• Stored data
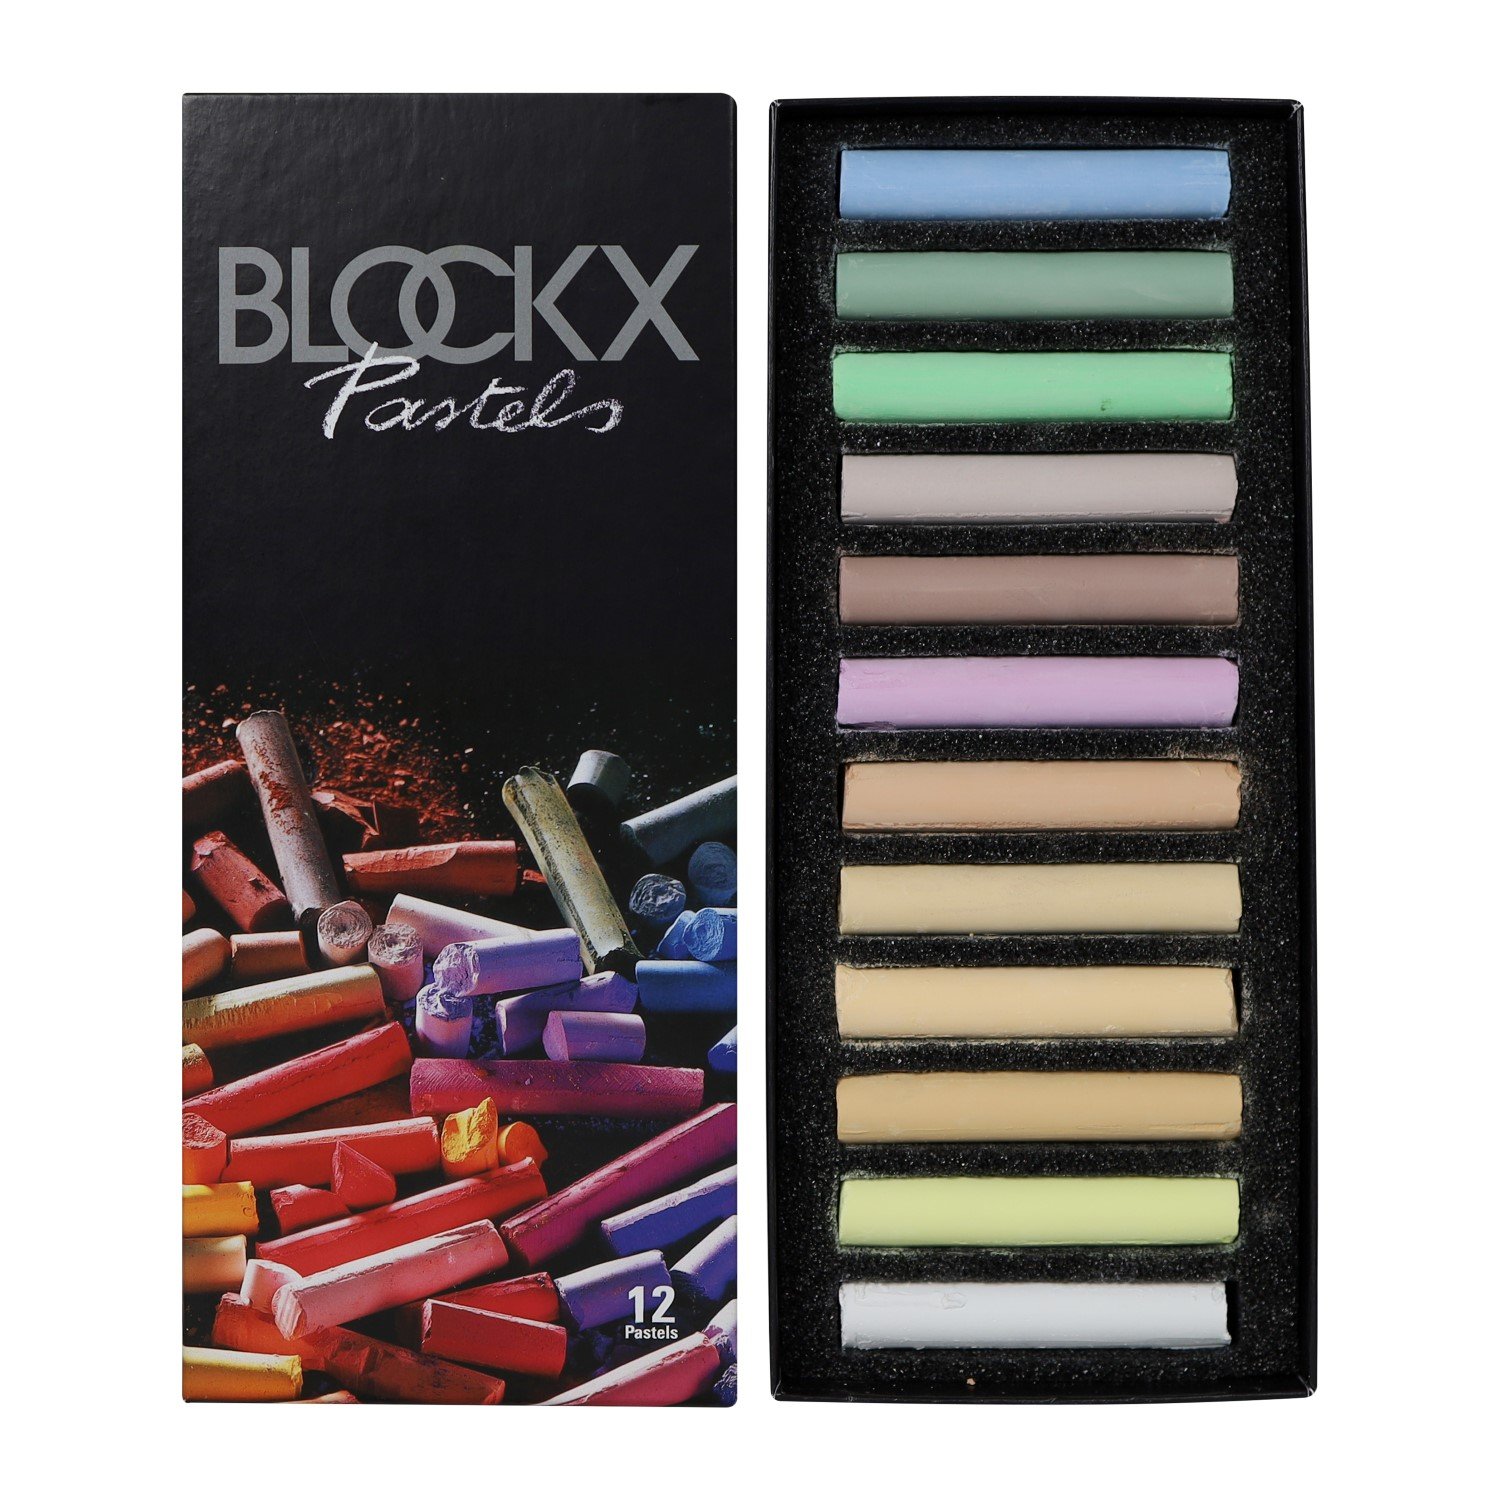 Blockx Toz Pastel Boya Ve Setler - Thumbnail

---

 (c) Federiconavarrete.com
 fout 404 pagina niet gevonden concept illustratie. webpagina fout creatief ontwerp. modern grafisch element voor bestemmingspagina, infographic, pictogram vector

* * *

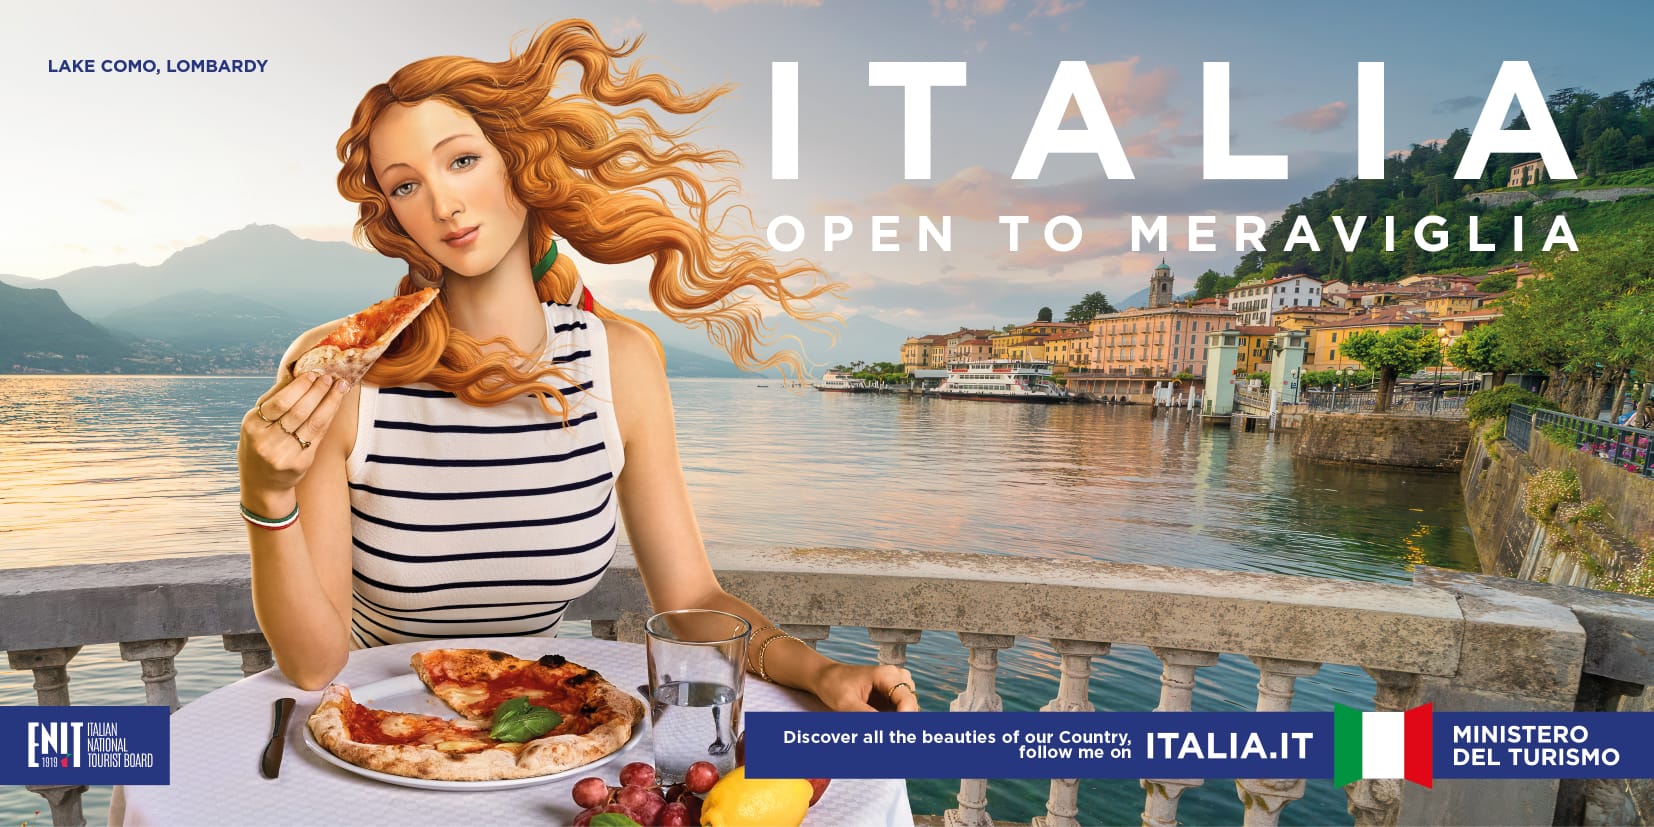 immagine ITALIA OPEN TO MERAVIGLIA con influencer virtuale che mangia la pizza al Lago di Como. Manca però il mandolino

• Task details
Look above for the line with "(c) Federiconavarrete.com"; retype exactly that line, every line after it up to the line with "fout 404 pagina", and that line too, nothing else.

• Your solution
 (c) Federiconavarrete.com
 fout 404 pagina niet gevonden concept illustratie. webpagina fout creatief ontwerp. modern grafisch element voor bestemmingspagina, infographic, pictogram vector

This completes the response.